In a separate lawsuit, the Tri-State Transportation Campaign, a nonprofit watchdog group, also challenges how the environmental documents rely on the Jets' season-ticket holder survey. The environmental documents assume a far greater proportion of mass-transit use than does any other urban stadium, the group argued. To mitigate the impact on the city's transit system, the EIS relies on construction of the Second Avenue subway and the Long Island Rail Road connection to Grand Central Station, two projects that the group said face an uncertain future in light of the Metropolitan Transportation Authority's funding difficulties.

Jury Sides with Silverstein

The World Trade Center site rebuilding effort could gain a $1.1 billion boost from a major legal win for Larry Silverstein, president of Silverstein Properties, which is leaseholder on the site.

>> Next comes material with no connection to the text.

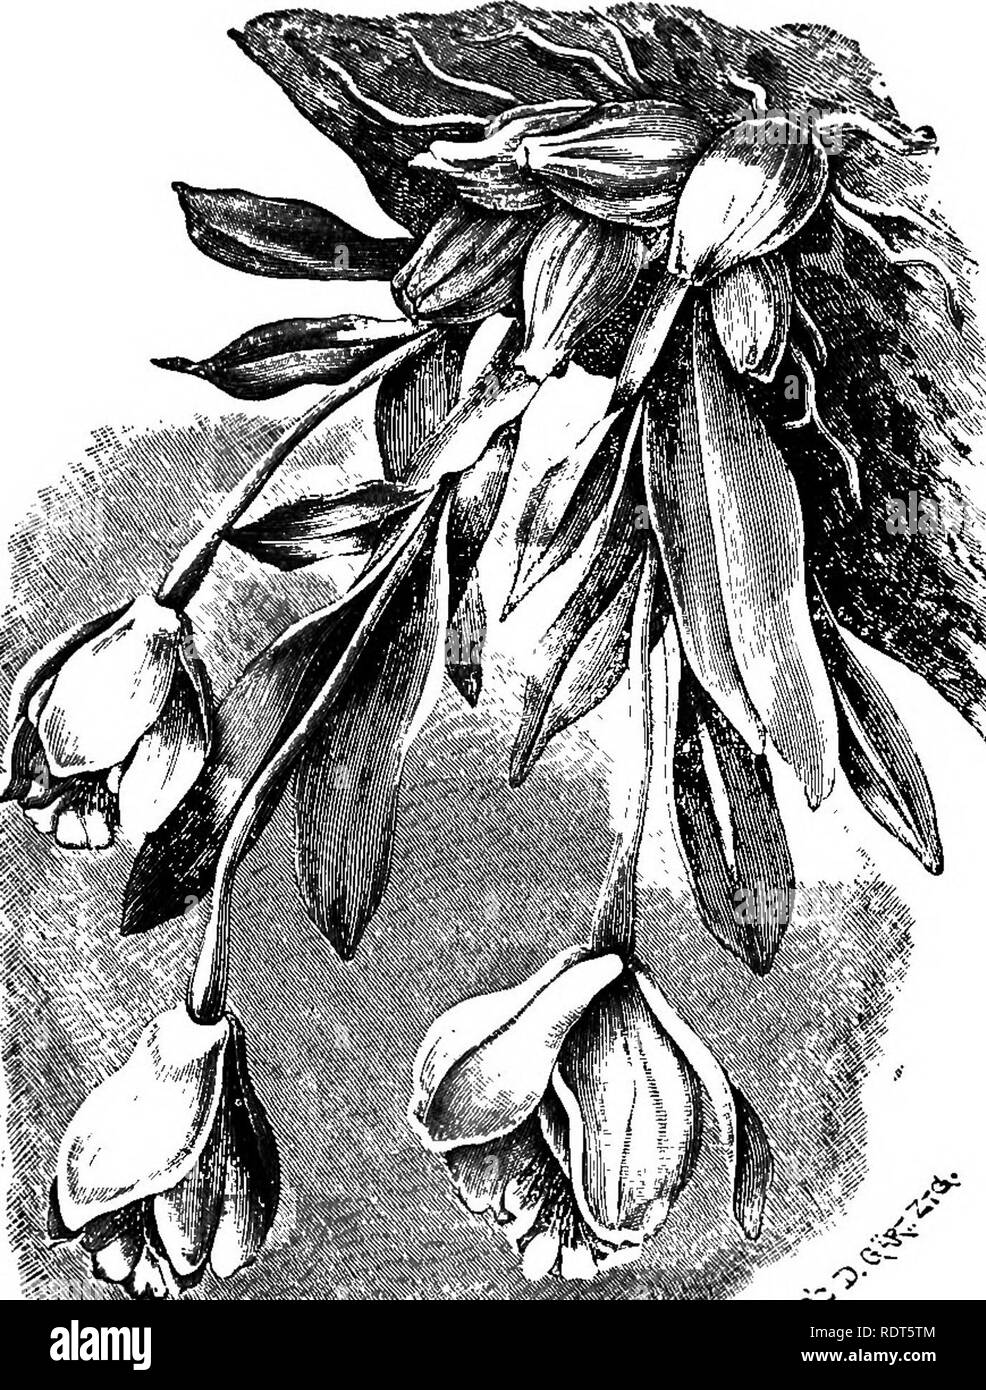 . The orchid-grower's manual, containing descriptions of the best species and varieties of orchidaceous plants in cultivation ... Orchids. CATTLEYA. 157 It Succeeds best in the Mexican house, as near the glass as its native country, possible.— Mexico. Fia.—Bot. Mag., t. 3742 ; Pcseatorea, t. 9 ; Flore des Scnvs, t. 1689 ; Warner, Sri. Oi-oli. PI., iii. t. 18 ; Hooli. Ut Cent., t. 34 ; Rnchenhachia.. i. t. 20 ; Jonrii. of Hort xv 1887, p. 565, f. 66; VciMi's Man. Orcli. PL, ii. p. 33 ; Orclild Albvw, x. t. 469. C. CITRINO-IN- TERMEDIA, Rolfe.— We consider this a wonderful hybrid. It was raised  Stock Photo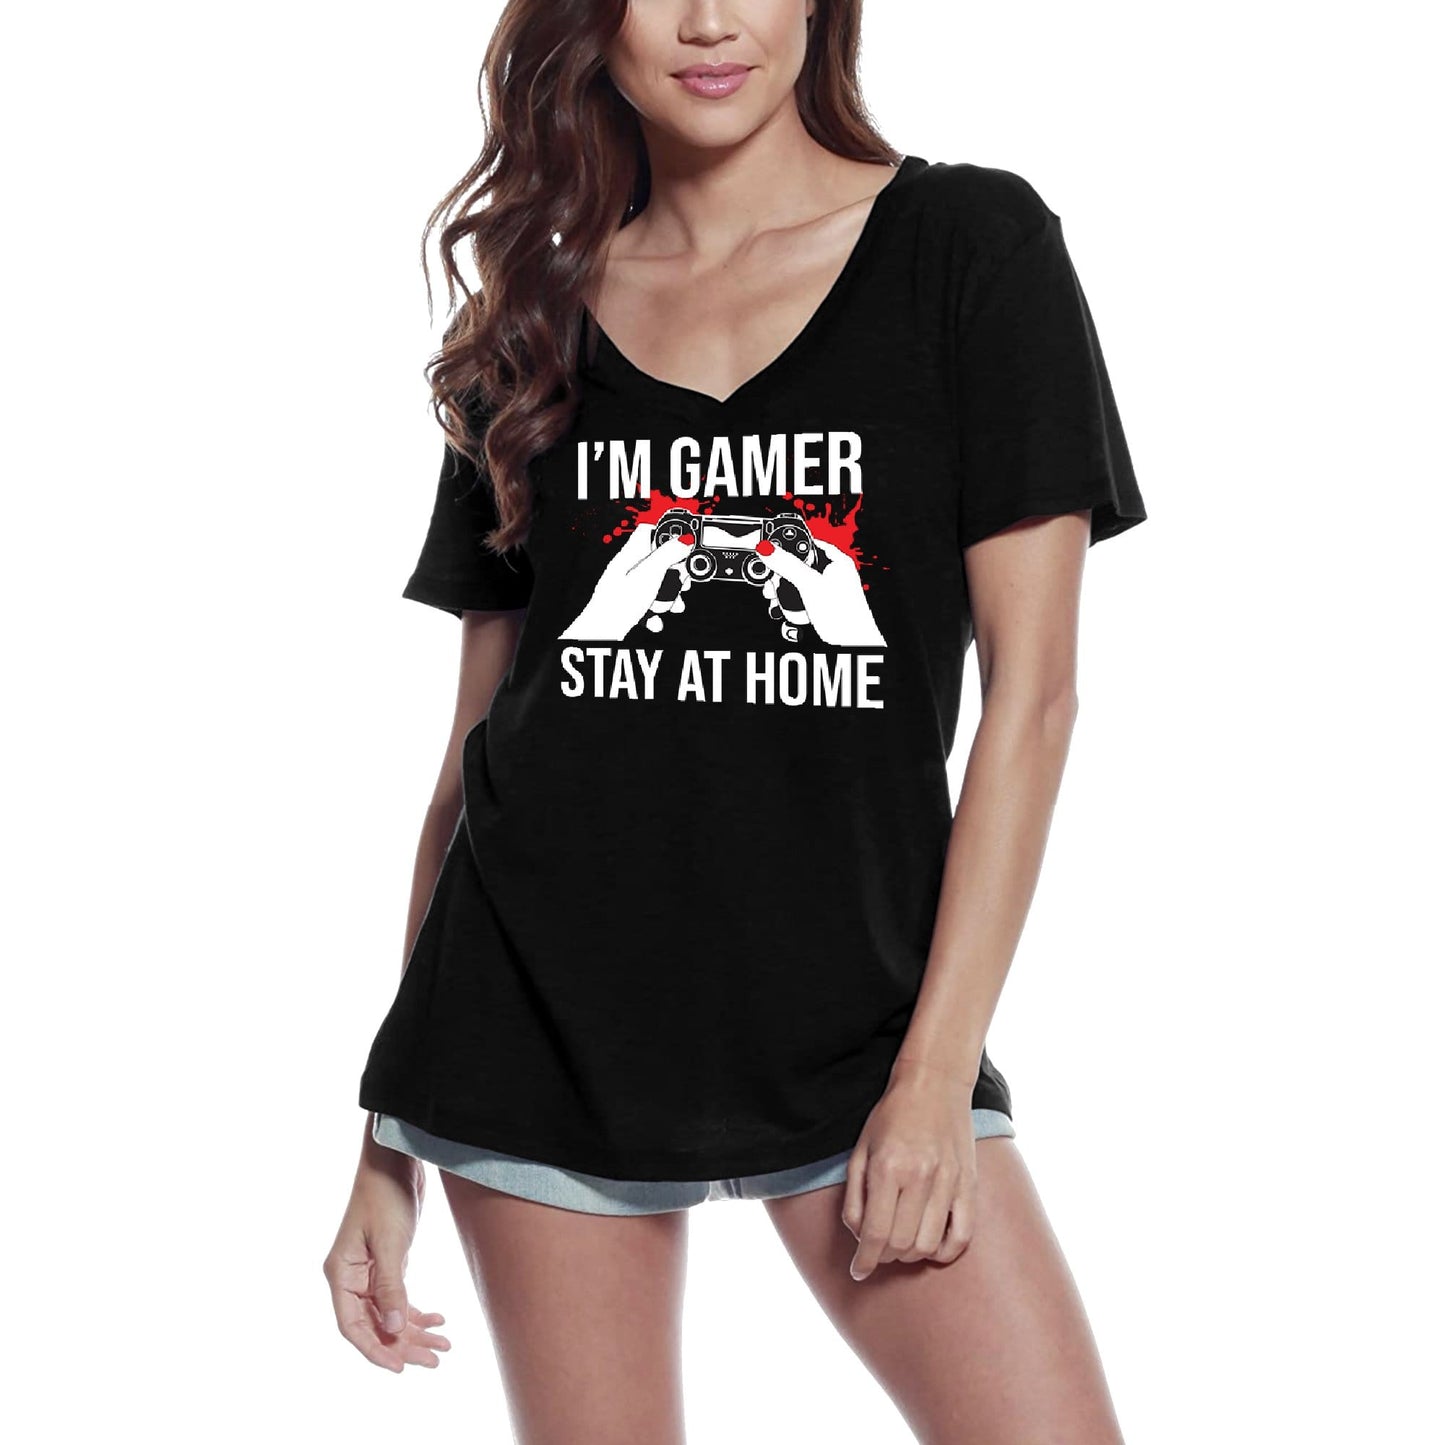 ULTRABASIC Women's Gaming T-Shirt I'm Gamer Stay at Home - Funny Video Game Tee Shirt

In the second of two trials over the value of insurance payments owed to Silverstein following the September 11, 2001 attacks, the jury agreed that the terrorist assaults on the Twin Towers constituted two separate events rather than a single one, as a group of nine insurance companies had argued at trial.

If the award wins approval from a three-member appraisal panel, and if expected appeals are unsuccessful, the verdict could double payments from the group of carriers to $2.2 billion. That would bring the insurance payout due Silverstein to $4.6 billion.

In a statement, Silverstein said the additional funds, "together with Liberty Bonds, will ensure a timely and complete rebuild of the World Trade Center." Seven World Trade Center, the 52-story, $700-million successor to its predecessor that collapsed Sept. 11, is scheduled for early 2006 completion. And by 2009, Silverstein expects completion of Freedom Tower, which would be the world's tallest building at 1,776 ft.